More tools for improving body image

  1. Wear clothes that feel good on your body - Rather than focus on what minimizes your waist, makes you look taller, or hides some aspect of your body you don’t like, try putting your clothes on and not looking at yourself. Engage your tactile sense and experience what you like or don’t like about how your clothes feel (4). 
  2. Assess your social media - Unfollow accounts that push one type of beauty, that emphasize changing yourself, or that otherwise put you at odds with your own body. Fill your feed with images of people in all sorts of bodies having full, meaningful, and happy lives. 
  3. Address body talk - Our peer groups have a big impact on how we experience our bodies (5). If your friends and family frequently talk about ways they are trying to lose weight or minimize “flaws”, consider bringing that to their attention. Ask if they would be willing to commit to talking about other topics besides changing their bodies. If that feels too direct, try changing the subject when bodies become the topic of conversation.
  4. Get angry about sexism, racism, and ableism - Our beliefs about beauty are directly linked to systems of oppression that devalue women, people of color, and folks with disabilities. Anger isn’t a state we want to stay in, but it’s useful fuel for burning away whatever resistance we may have to accepting our bodies. The Representation Project (5) provides a great overview of how the media plays a central role in perpetuating oppressive standards of beauty.
  5. Notice how you judge other bodies - Body image is a community issue (6). We won’t get far in befriending our bodies if we are actively critical of other people’s bodies. Notice how you react to bodies that don’t fit social standards of beauty. When you feel disgust, pity, or an urge to judge, challenge yourself to connect with the humanity of the body you’re judging. Try thinking “Here is a person, just like me, who wants to be happy.” Or ask yourself “Is their body my business?”
  6. Write yourself a permission slip to do what you want without changing your body first - If you’ve been putting off applying for a new job, planning a vacation, or otherwise putting your life on hold until something about your body changes, that ends now! Imagine yourself one year from now, five years from now - will it feel more satisfying to have taken a leap or to have held back in the service of negative body judgments?

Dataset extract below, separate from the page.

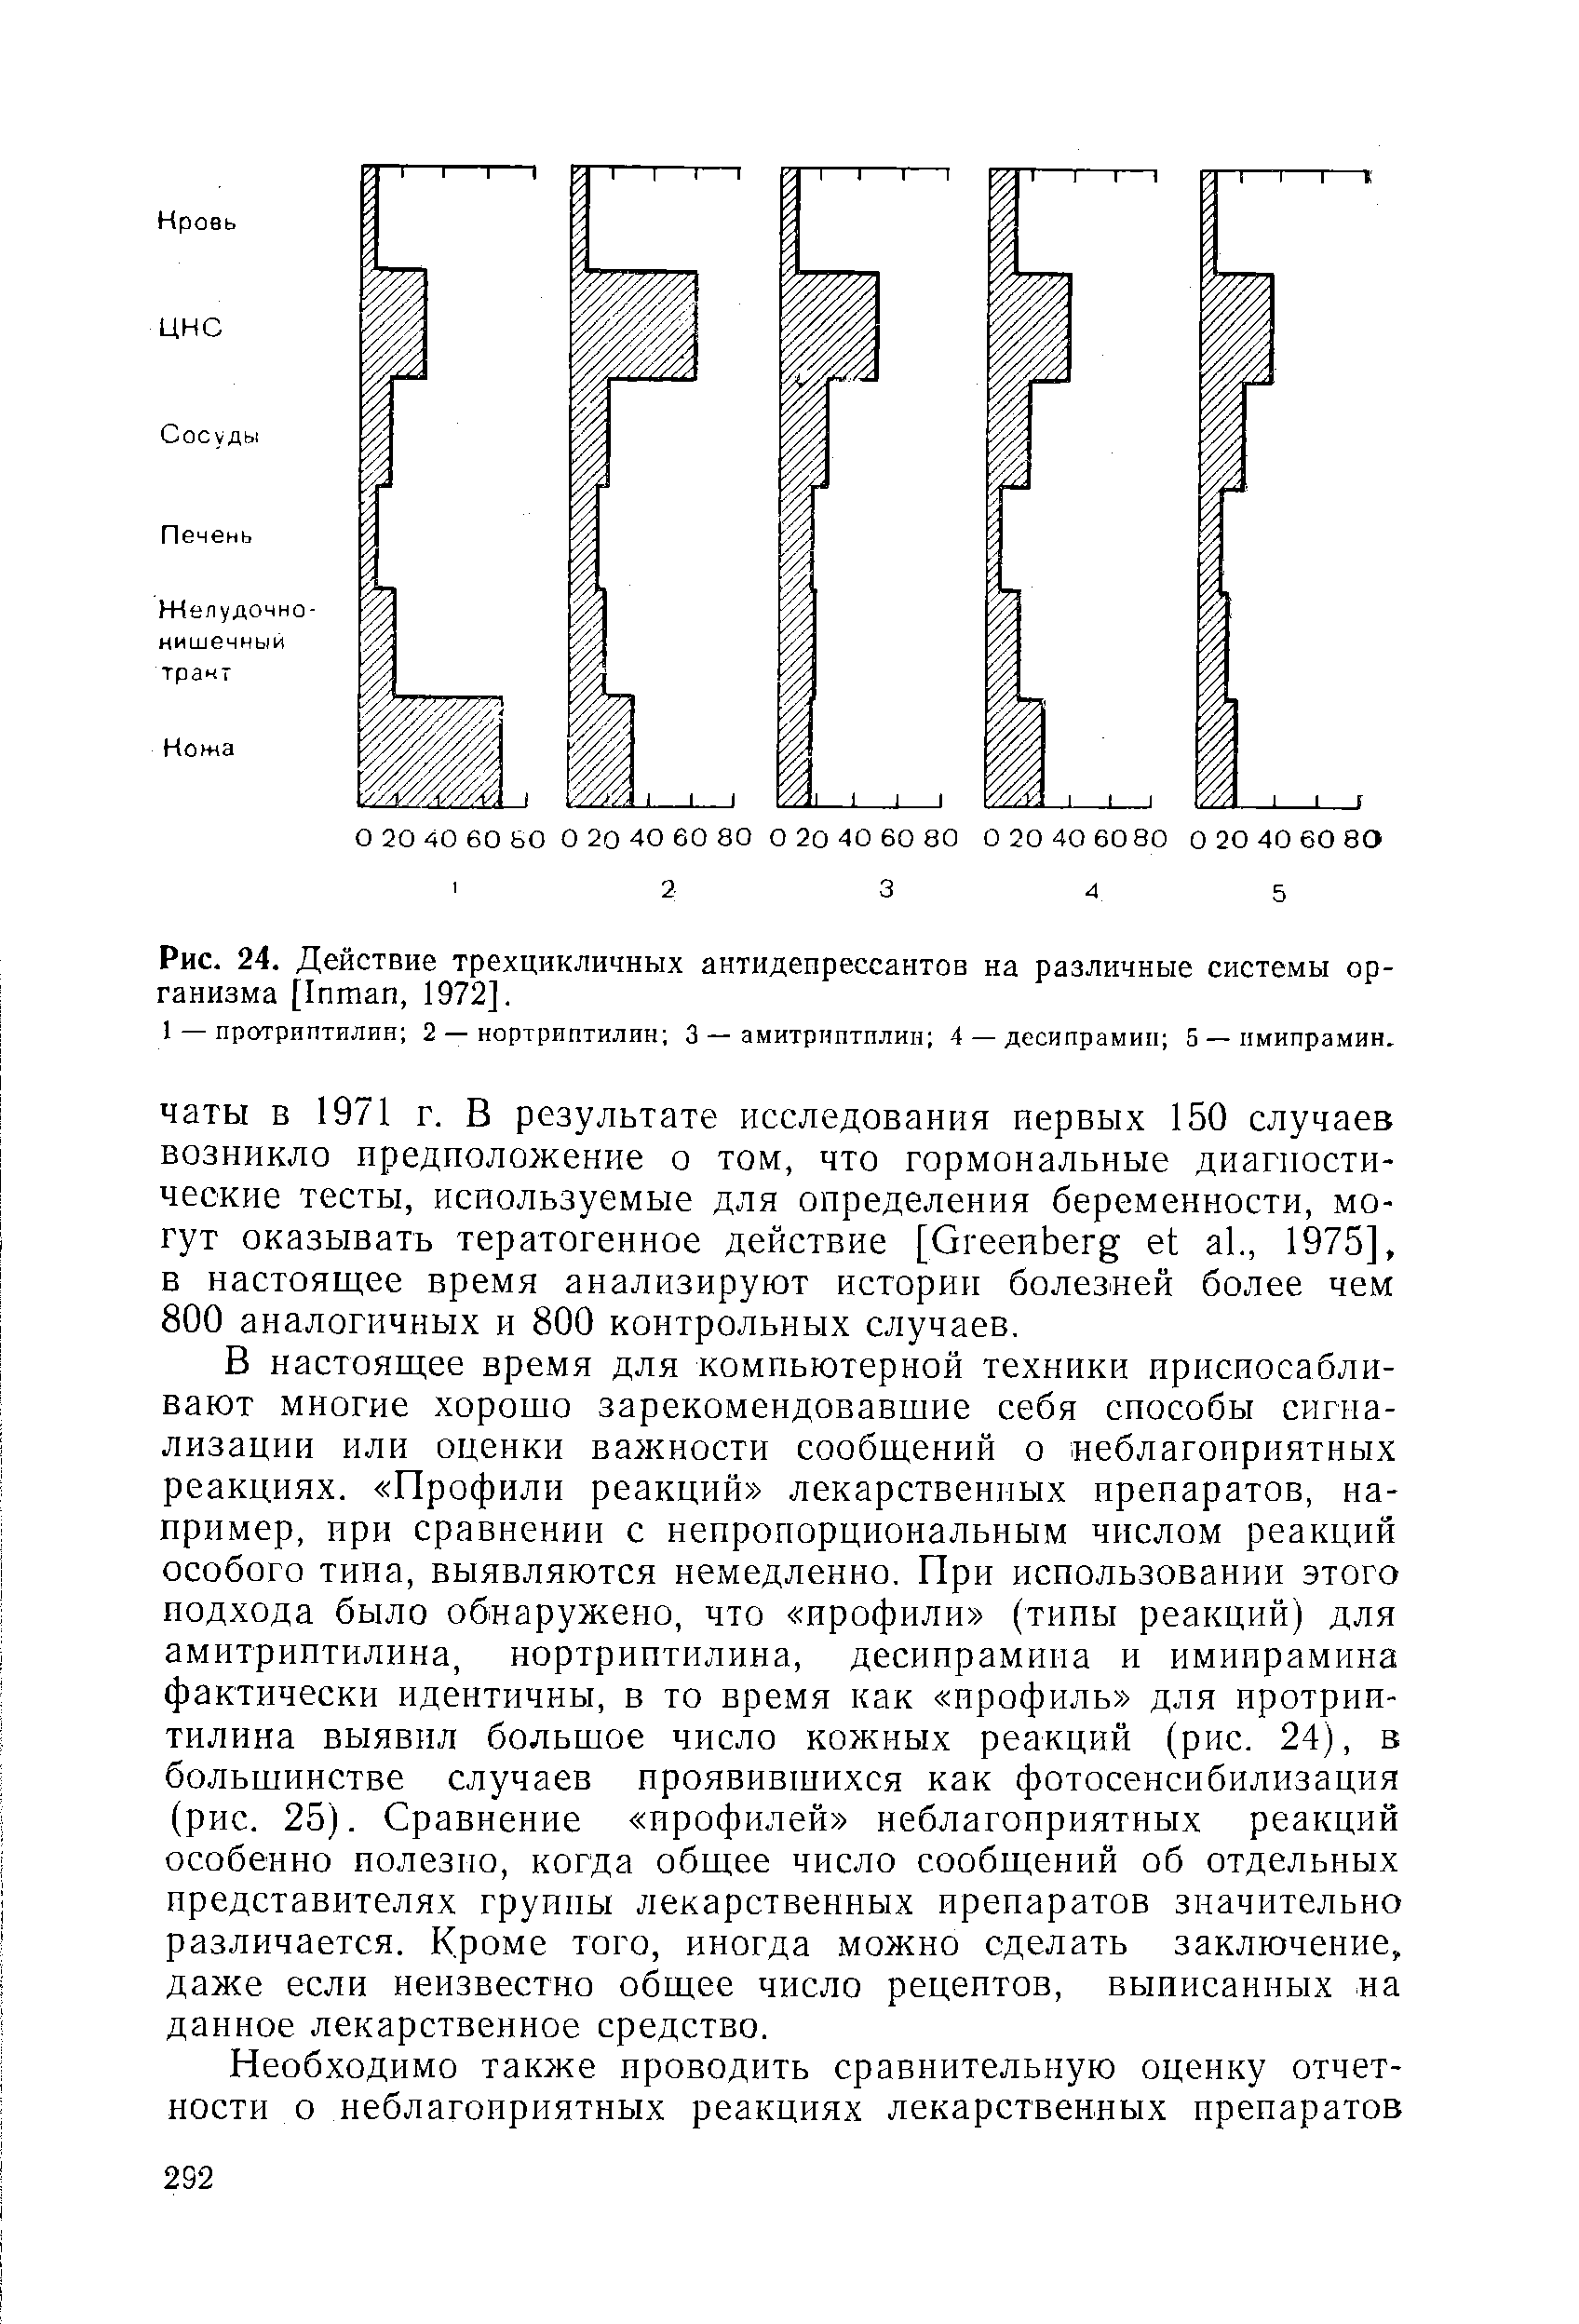 Рис. 24. Действие трехцикличных антидепрессантов на различные системы организма [I , 1972].

Body image is a tender subject for many of us, but the Fitness Blender community is here to offer encouragement and support. How’s your relationship with your body? What have you found challenging or helpful in befriending your body?

Written for Fitness Blender by Candice C, PhD
Licensed Clinical Mental Health Counselor Supervisor

References

  1. Pearson, A., Macera, M. H., & Follette, V. (2010). Acceptance and commitment therapy for body image dissatisfaction: A practitioner's guide to using mindfulness, acceptance, and values-based behavior change strategies. New Harbinger Publications.
  2. Cash, T. F., & Pruzinsky, T. (Eds.). (2004). Body image: A handbook of theory, research, and clinical practice. Guilford press.
  3. National Eating Disorders Association. (2021, February 4). 10 Steps to Positive Body Image
  4. Research. (2021, August 3). The Representation Project.
  5. Wasylkiw, L., & Butler, N. A. (2014). Body talk among undergraduate women: Why conversations about exercise and weight loss differentially predict body appreciation. Journal of Health Psychology, 19(8), 1013-1024.
  6. Taylor, S. R., & Oluo, I. (2021). The Body Is Not an Apology, Second Edition: The Power of Radical Self-Love (2nd ed.). Berrett-Koehler Publishers.